Encounter with a Madam
At Himeji train station, one madam (obachan) was sitting next to me.

She was also travelling alone using a Youth 18 Ticket. Japanese are very shy people so it is very rear to talk to strangers in normal situation. But as we spend 5 hours on rail sitting next to each other, we talked about many things, such as the criticism of current Japanese politicians, the earthquake,  good fishing spots, the difficulty (almost impossibility) of forming successful inter-religious relationship, and tourism hot spots in Japan etc.

With the Youth 18 ticket, train runs very slowly and stops every single station. Time consuming but there is nothing to miss on the way. I have captured many local beauties.

A scenery from the train window

A scenery from the train window

A scenery from the train window

A scenery from the train window

Labour Intensive Japanese Trains
Japanese trains are very labour intensive as for example there are four officers in a four carriage train between Himeji and Hiroshima (about 5 hour journey). It is definitely not cost effective operation from the management point of view (as opposed to the ones in Australia, for example, which normally carries one officer (i.e. train driver) per train but gives you a unique experience of a train journey (and you are not the one paying the wage for them anyway!).

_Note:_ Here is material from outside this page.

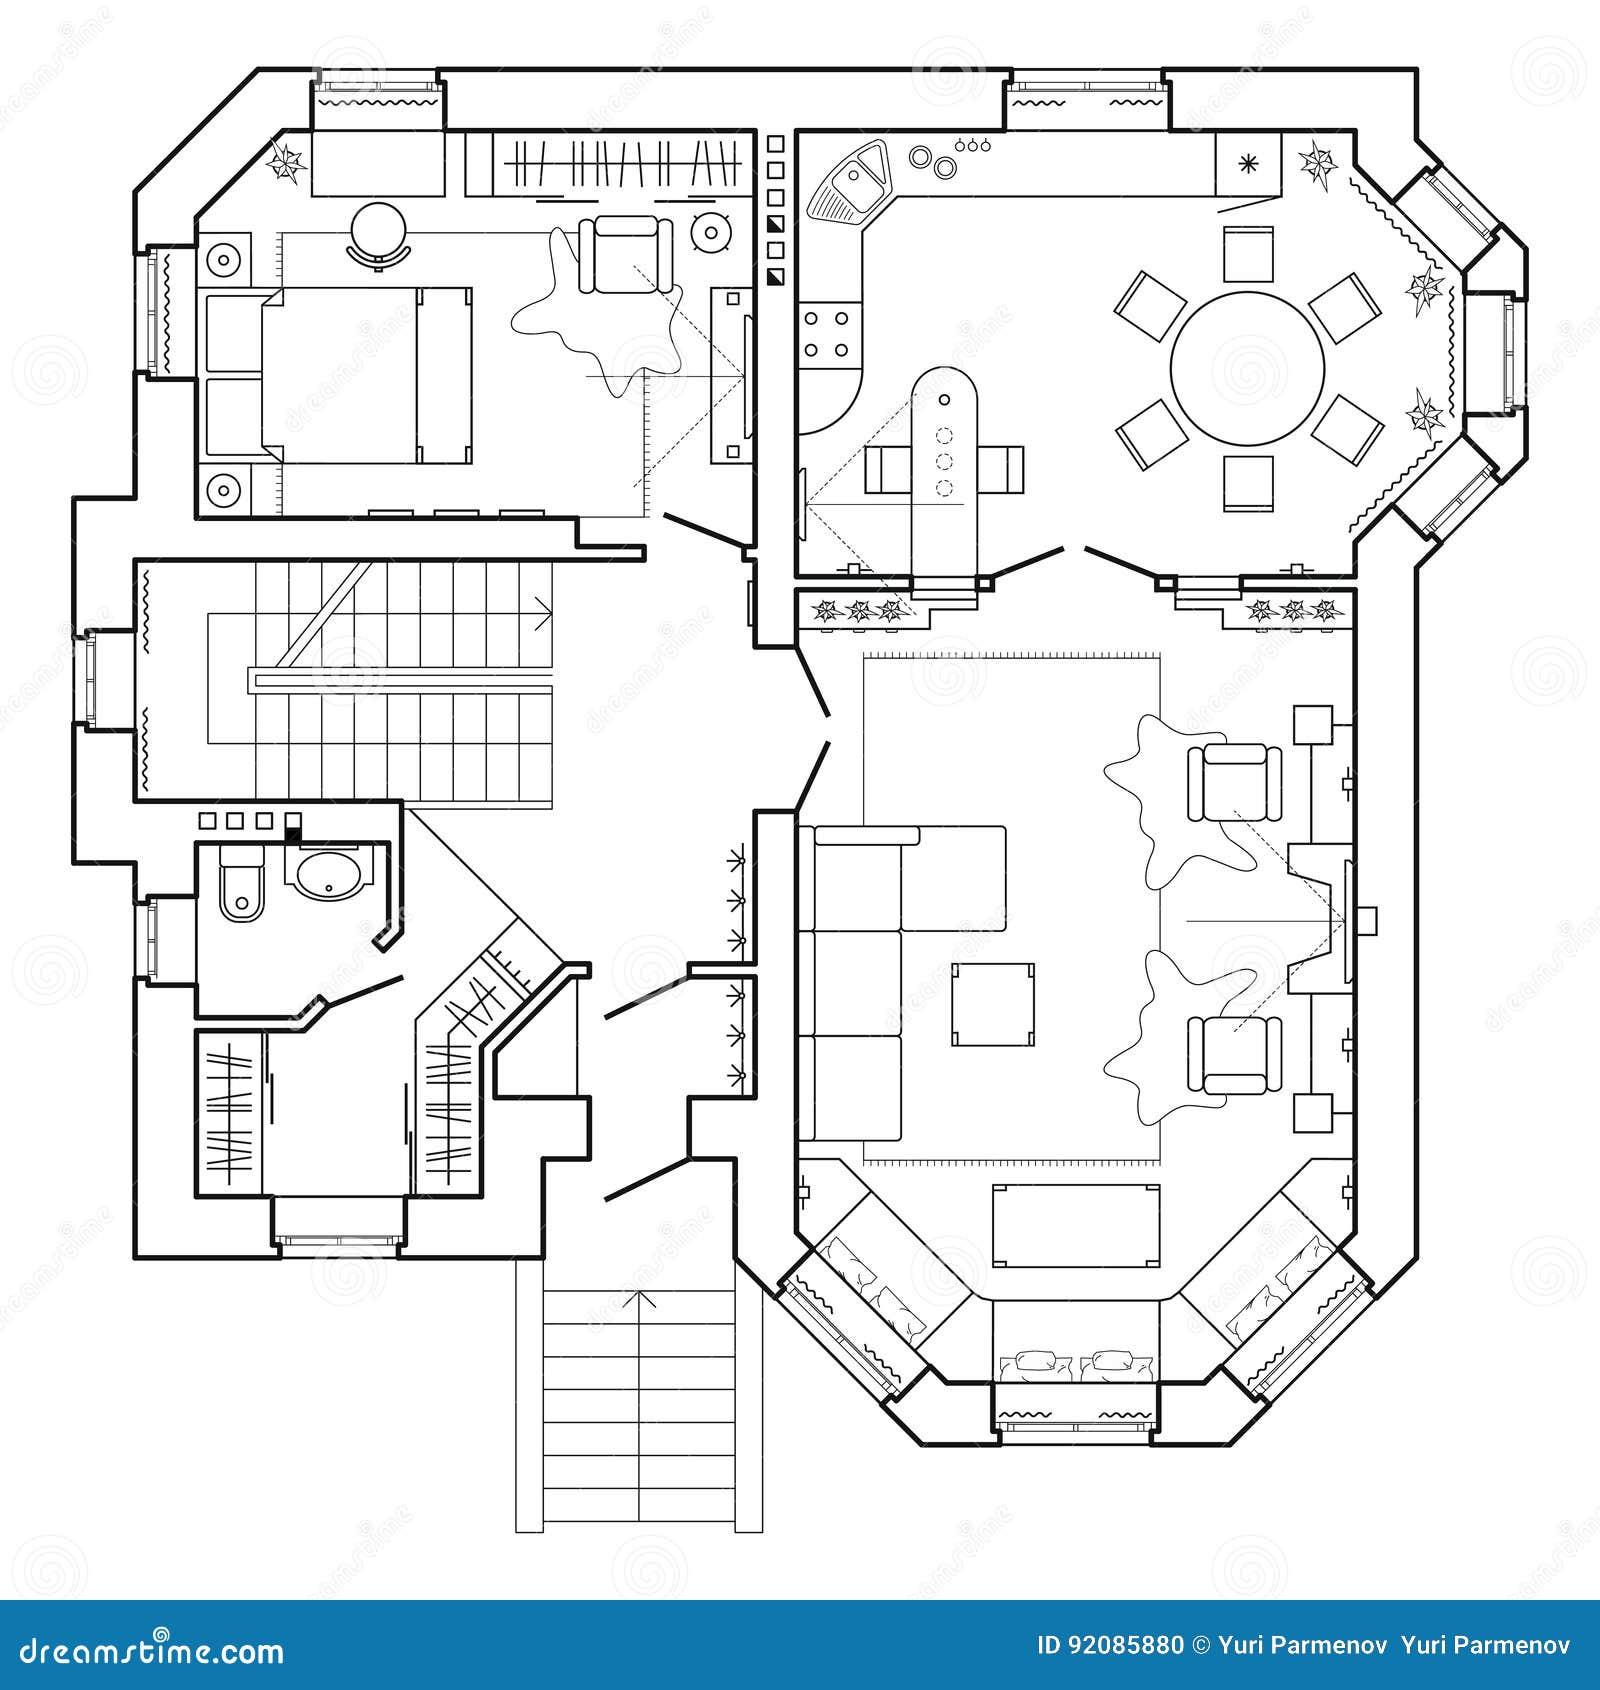 Plan Arquitect Nico Blanco Y Negro De Una Casa Disposici N Del  # Muebles Dibujo Arquitectonico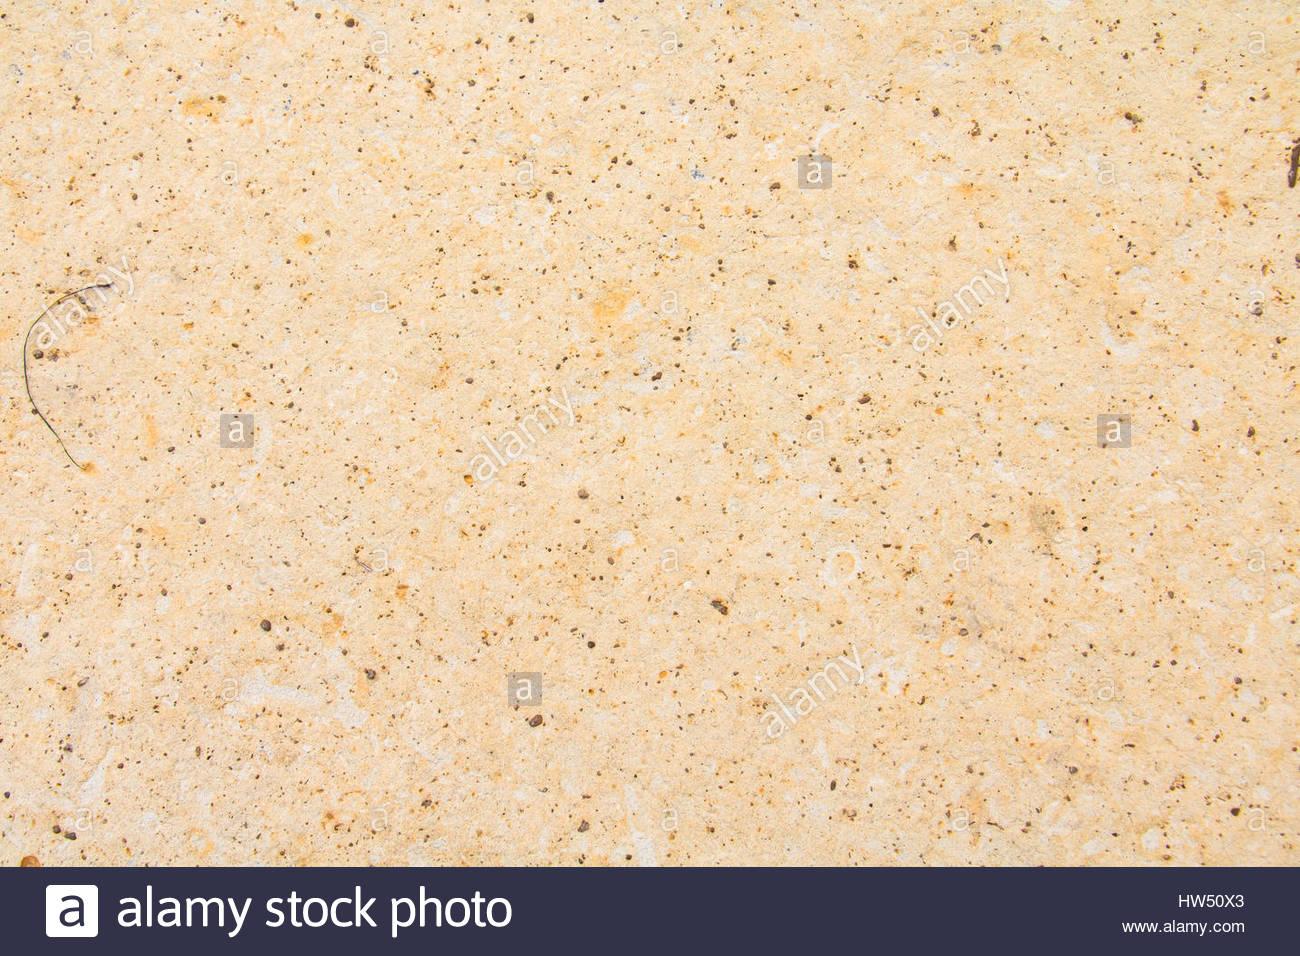 La texture di sfondo astratto, vista ravvicinata di strutturato colorati beige sabbia in spiaggia in Malsaforn Gozo Immagini Stock

The reason why there are so many officers are because they still doing many things manually and heavily service oriented. For example, the announcement for the coming stations are made manually for every stop. Besides, in addition to informing the next stop they tell us the following information:

1. Local attractions and events information (if any)
2. The manner of mobile use (no talking, mobile need to be switched off on priority seats and area around them.)
3. Possible danger in a train (e.g use of emergency bottom)
4. The side of the door which will open at the next stop
5. Transfer (if any)
6. Apology and details for delay (even 1 minute late)
7. And, finally, appreciation on board

Plus, the officers walk through the carriages every 30 minutes or so, so if you have any inquiries they can help you promptly. Therefore, from my observation, they are busy somehow and that’s why they are so many officers in a train Japan.

Busy officer

Hiroshima and Backpackers Hostel

Finally - Hiroshima

Thinking those things, I am already here in Hiroshima. Hiroshima is one of the two places where an atomic-bomb was dropped upon in the long human history. The city was once completely destroyed and over 200,000 people are killed by just one bomb on 6 August, 1946. Now, Hiroshima has reborn with a Hiroshima Heiwa Koen (Hiroshima Peace Memorial Park) as a peaceful symbol of Japan, being one of the most visited destinations in Japan.

The A-bomb Dorm - Hiroshima Peace Memorial Park

More information on A-bomb Dorm (click the image to enlarge)

Hiroshima  Peace Memorial Park

Rest in Peace - Hiroshima Peace Memorial Park

The city itself is very flat and trams are running conveniently across the entire city. Therefore, in my opinion, it is quiet similar to place like Melbourne.

Tram - Hiroshima

Tram Station - Hiroshima

I stayed in a backpackers hostel in Japan for the first time. The place I stayed is called J-Hoppers, probably one of the first backpackers hostel in Japan. This place is not only friendly, clean, comfortable and cheap (I paid only 2,300 yen (26 AUS) for a dorm night) accommodation, they keep entertain tourists in many interesting ways.

J-Hoppers - Entrance

For example, when I was there, local university students were holding a party with the guests at the hostel. I found it was very wise, creating a win-win situation.
The party gives opportunity for the students to learn English (there are many guests from places like Canada and Australia), and guest can have a cheap meal, mingle with local (young) boys and girls and learn about the Japanese culture. And hostel sells beer, which brings additional revenue to the hostel, plus this whole thing would contribute to the healthy globalisation of the community and deepen the understanding between local people and tourists.

So, I am really enjoying my spontaneous acts.

Today's Route

View Larger Map

Next, I am slowly heading even east, cannot wait for getting to the next destination.